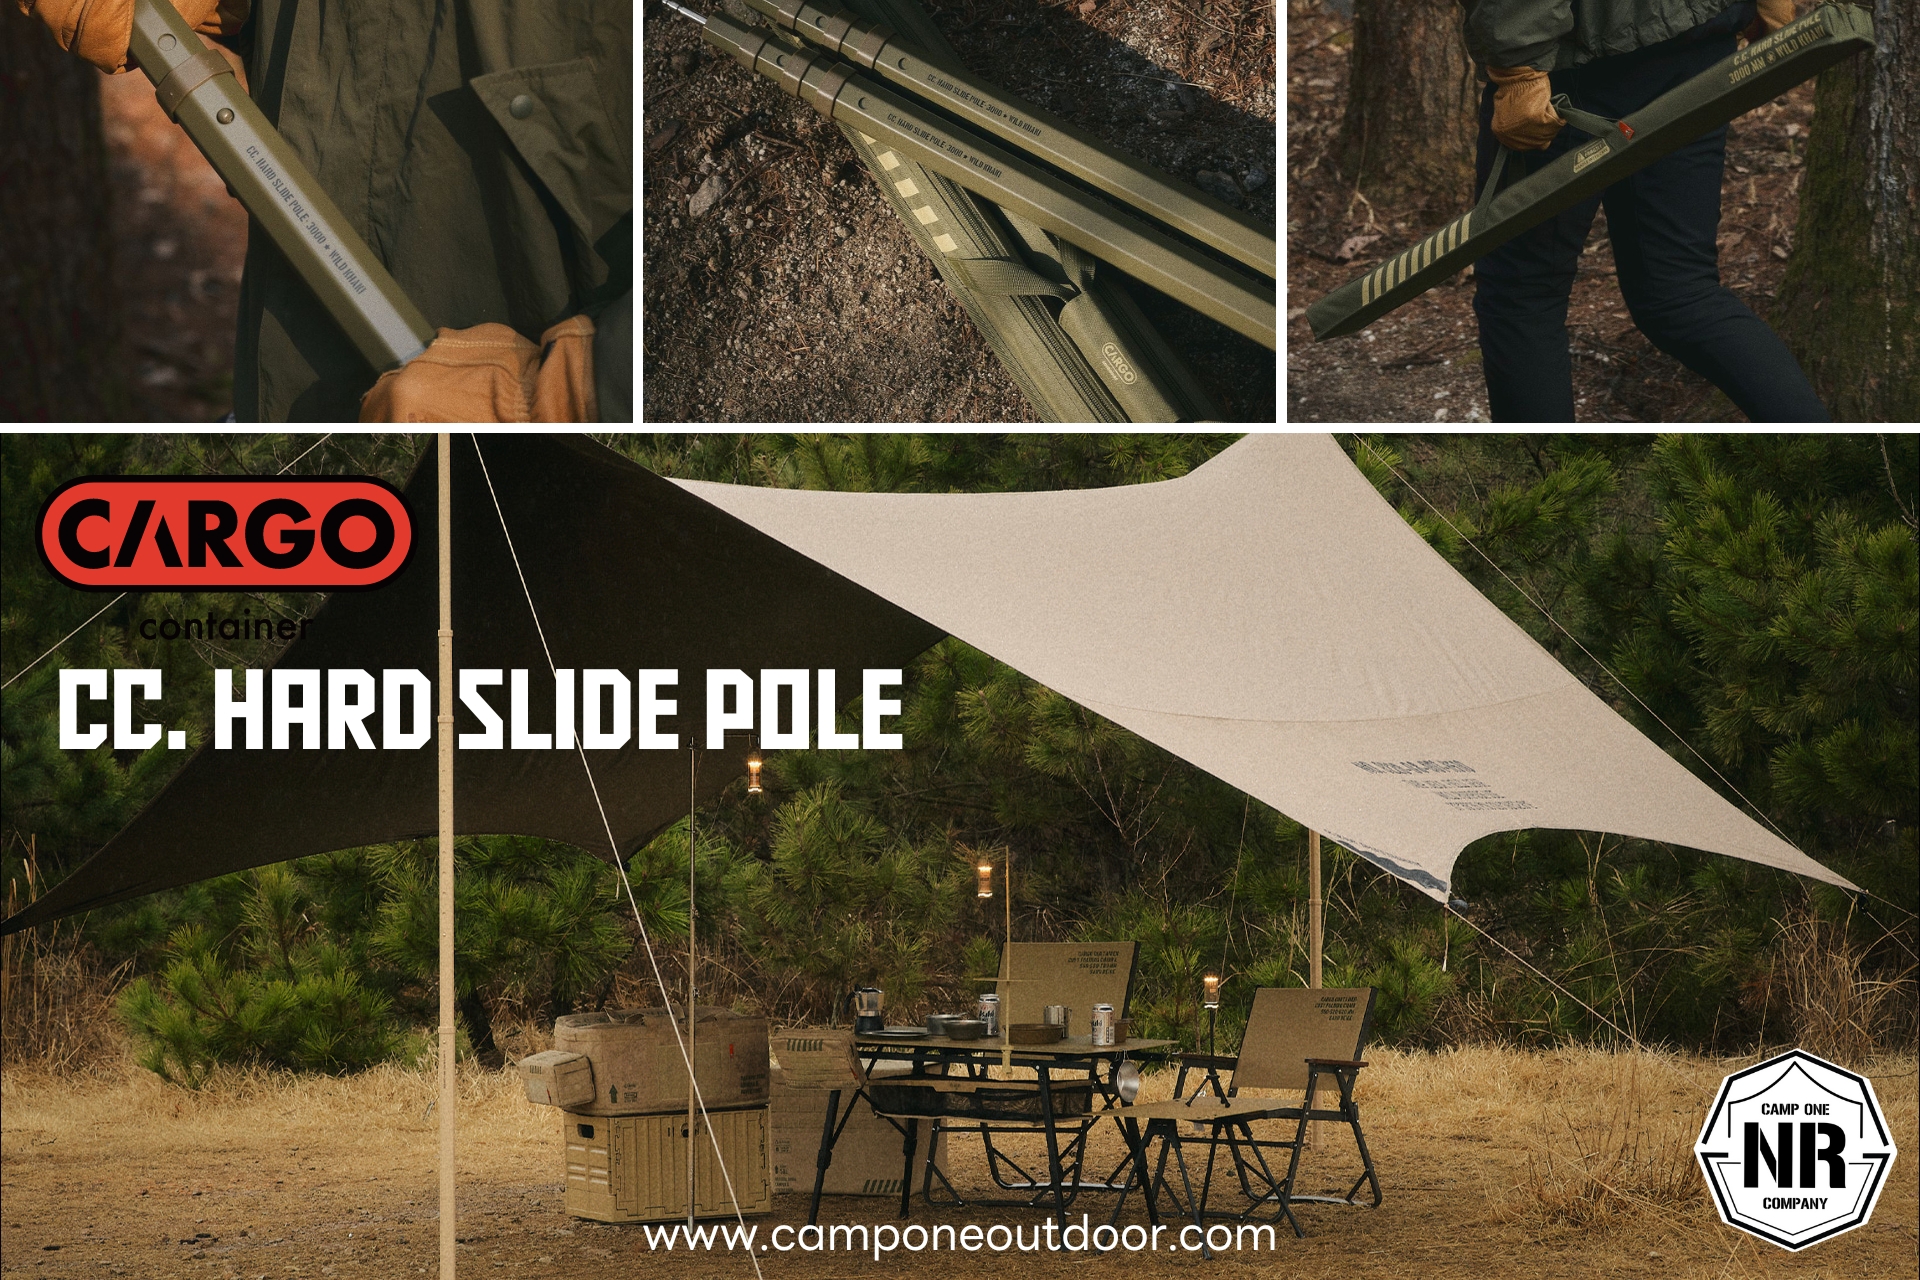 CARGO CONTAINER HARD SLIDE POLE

========

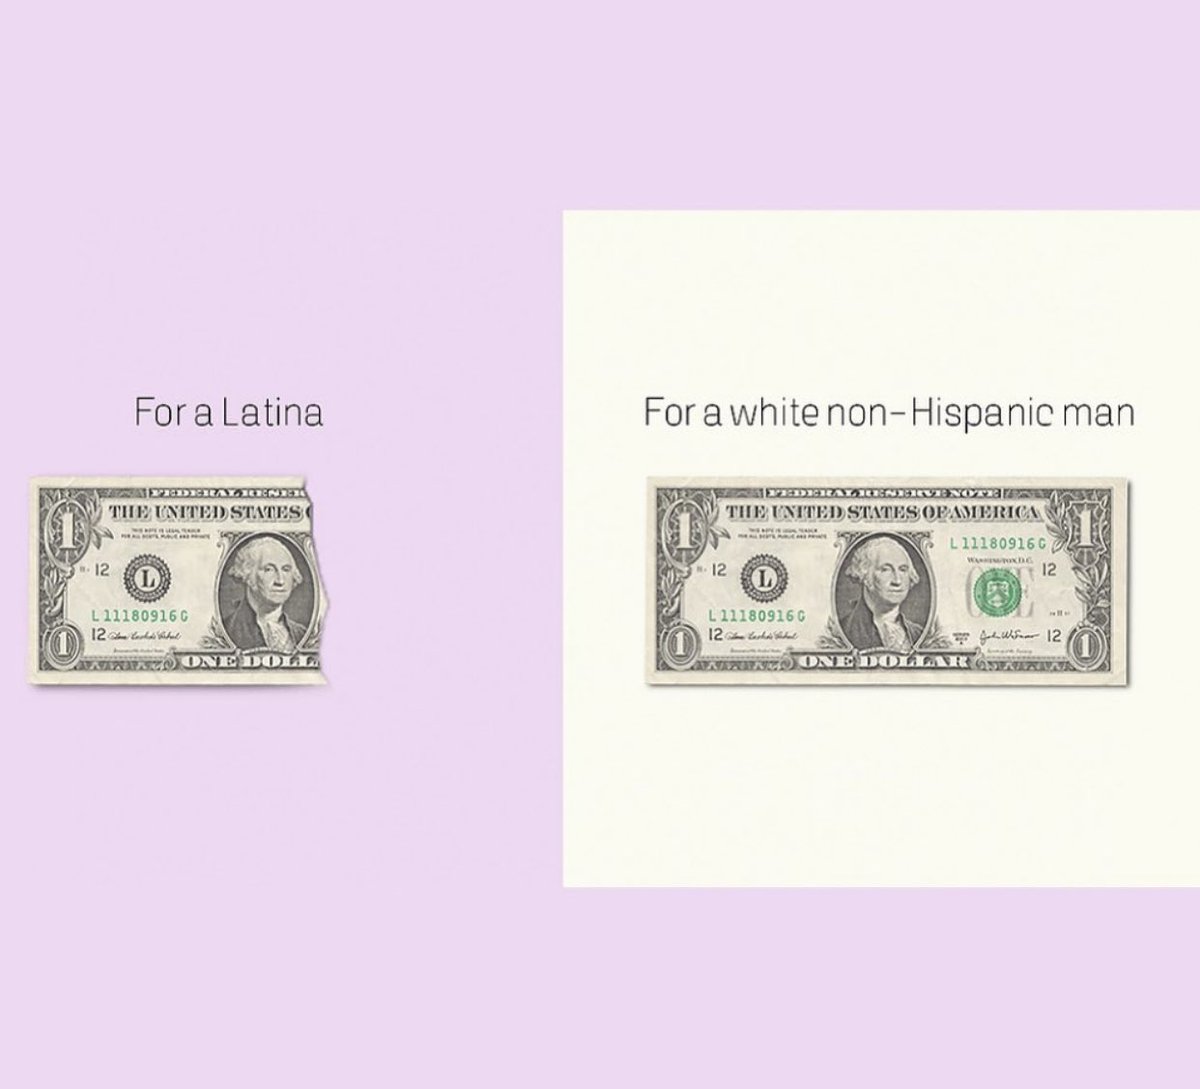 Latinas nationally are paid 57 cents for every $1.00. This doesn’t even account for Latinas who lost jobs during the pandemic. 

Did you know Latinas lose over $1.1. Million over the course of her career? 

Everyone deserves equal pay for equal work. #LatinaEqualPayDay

========

§ Problem to work on
Please reproduce exactly the lines in the listing above from the one containing "Did you know" through the one containing "Everyone deserves equal", both included, and nothing more.

§ Exercise answer
Did you know Latinas lose over $1.1. Million over the course of her career? 

Everyone deserves equal pay for equal work. #LatinaEqualPayDay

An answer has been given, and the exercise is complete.